Die erste Mitzwa in Parschat 'Ki-Tavo' (Deuteronomium 26) ist die Mitzwa der Erstlinge. Diese Mitzwa ist eine direkte Fortsetzung der komplexen Beziehung zwischen Kain und Abel.
Die Thora hatte uns bereits in Genesis 4 vom Vorrang von Kain als Erstgeborenen und Abel als Zweitgeborenen erzählt. Diese Unterscheidung beeinflusste ihren Umgang mit anderen; sie hatten gegensätzliche Einstellungen. Kain wusste, dass er als Erstgeborener gewisse Vorteile hatte, die er für sich selbst beanspruchte, während er den Überrest den anderen überließ. Deshalb brachte er vom übriggebliebenen Getreide eine Opfergabe. Abel hingegen, der sich seiner Stellung als Zweitgeborener bewusst war, erkannte, dass seine Aufgabe darin bestand, mit anderen zu teilen.
Aus dieser Perspektive wird es offensichtlich warum der Tag, an dem Gott die Thora gab (Schawuot-Fest) der gleiche Tag ist, an dem Erstlingsfrüchte (Bikkurim) gegeben werden, was sich darauf bezieht, dass die Thora denjenigen gegeben wird, die Erstlinge opfern können. Sie wird denjenigen geschenkt, die ihren zweitrangigen Status anerkennen und die Verantwortung, mit anderen zu teilen.
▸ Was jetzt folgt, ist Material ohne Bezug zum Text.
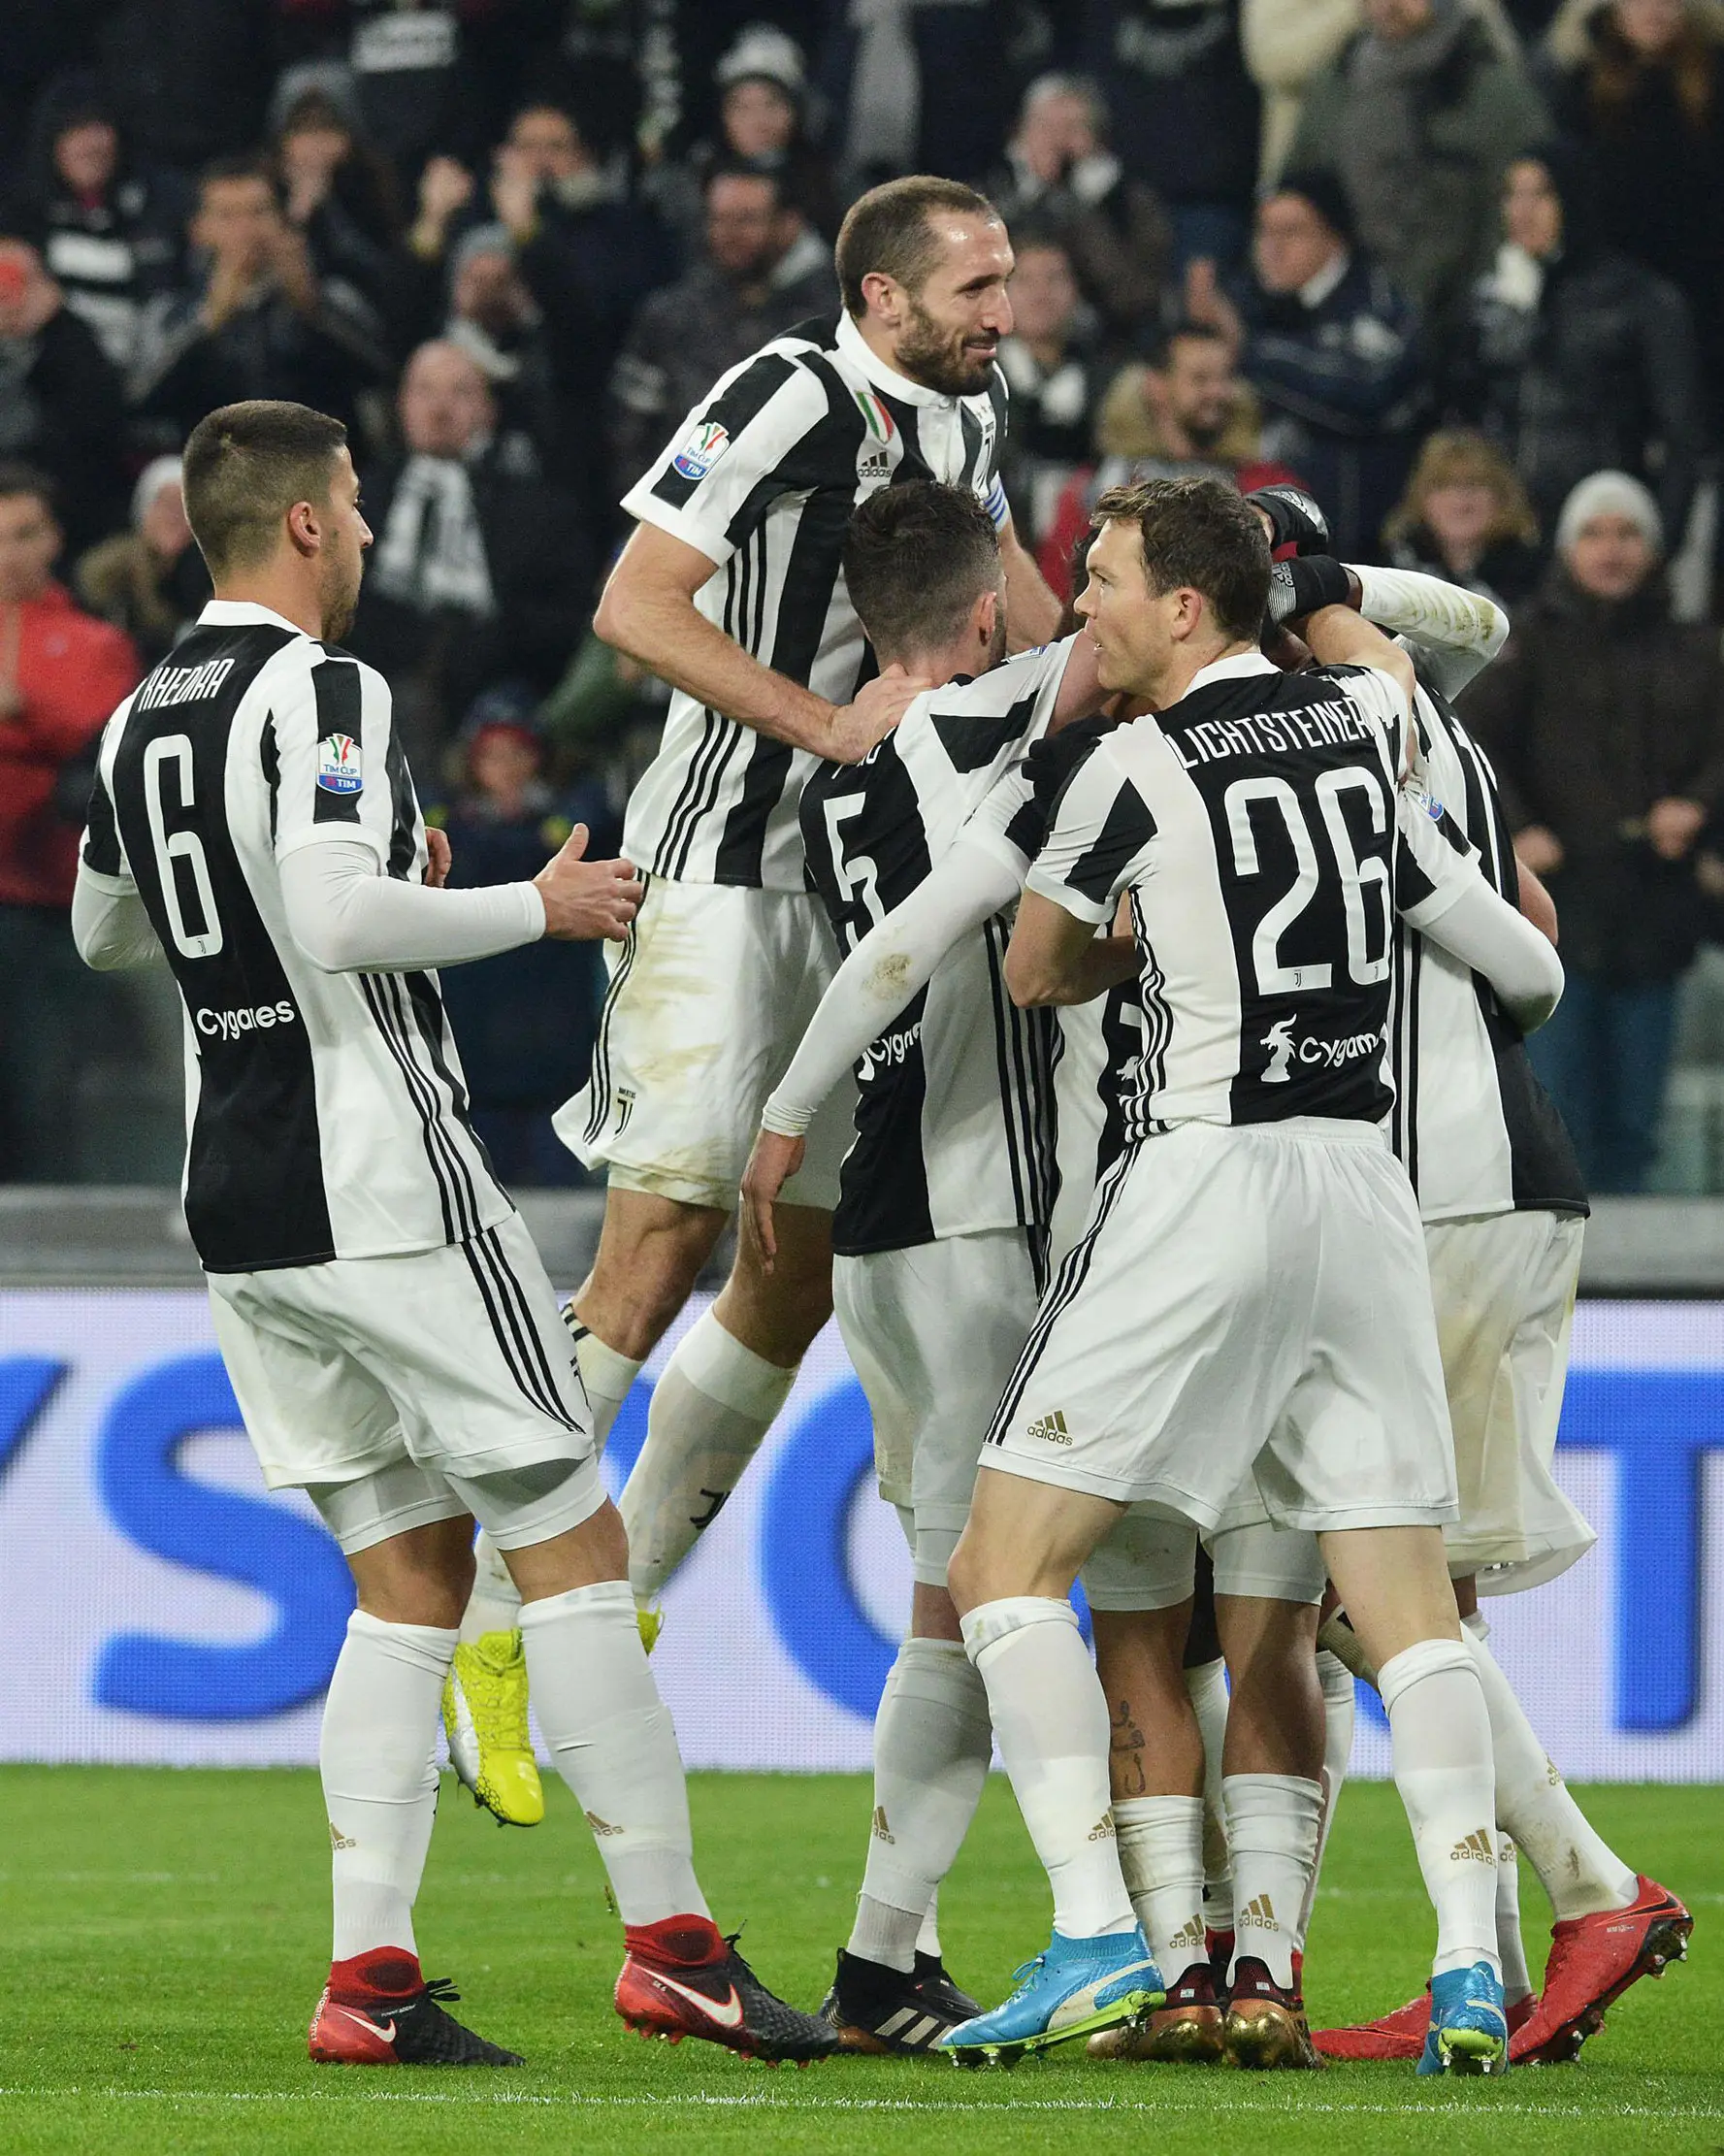 Pemain Juventus merayakan gol Mario Mandzukic ke gawang klub sekota mereka, Torino dalam lanjutan Coppa Italia di Stadion Allianz, Rabu (3/1). Juventus menang dengan skor akhir 2-0 atas klub sekota mereka, Torino. (Andrea Di Marco/ANSA via AP)

So wie der Heilige, gesegnet sei Er, symbolisch das erste Erzeugnisse nahm - die Thora - und präsentierte es der Menschheit durch die hebräische Nation.
Wenn die Thora uns anweist, den Erstlingsfrüchte in den Tempel den Priestern zu bringen, hat das eine noch tiefere Bedeutung. Der Akt vermittelt eine historische Erzählung - die Geschichte des Auszugs aus Ägypten - die bei den Israeliten mitschwingt.
Es gibt jedoch noch eine weitere interessante Bedingung: wenn der Einzelne die Erstlingsfrüchte darbietet, muss er zum Priester sagen: "Ich erkläre heute dem Herrn, deinem Gott, dass ich in das Land gekommen bin." Diese Erklärung erscheint rätselhaft. Eine Person kann seit Generationen im Land Israel gelebt haben, und doch wird sie angewiesen, ihre Ankunft zu verkünden, als wäre sie gerade erst geschehen. Diese seltsam anmutende Anweisung enthält eine psychologische Lektion: Man sollte stets das Gefühl haben, dass man in seinem Land und seiner Welt neu ankommt. Dies spiegelt die Notwendigkeit ständiger Verjüngung wider und ein ständiges Bewusstsein der eigenen Herkunft, das den Weg nach vorne weist.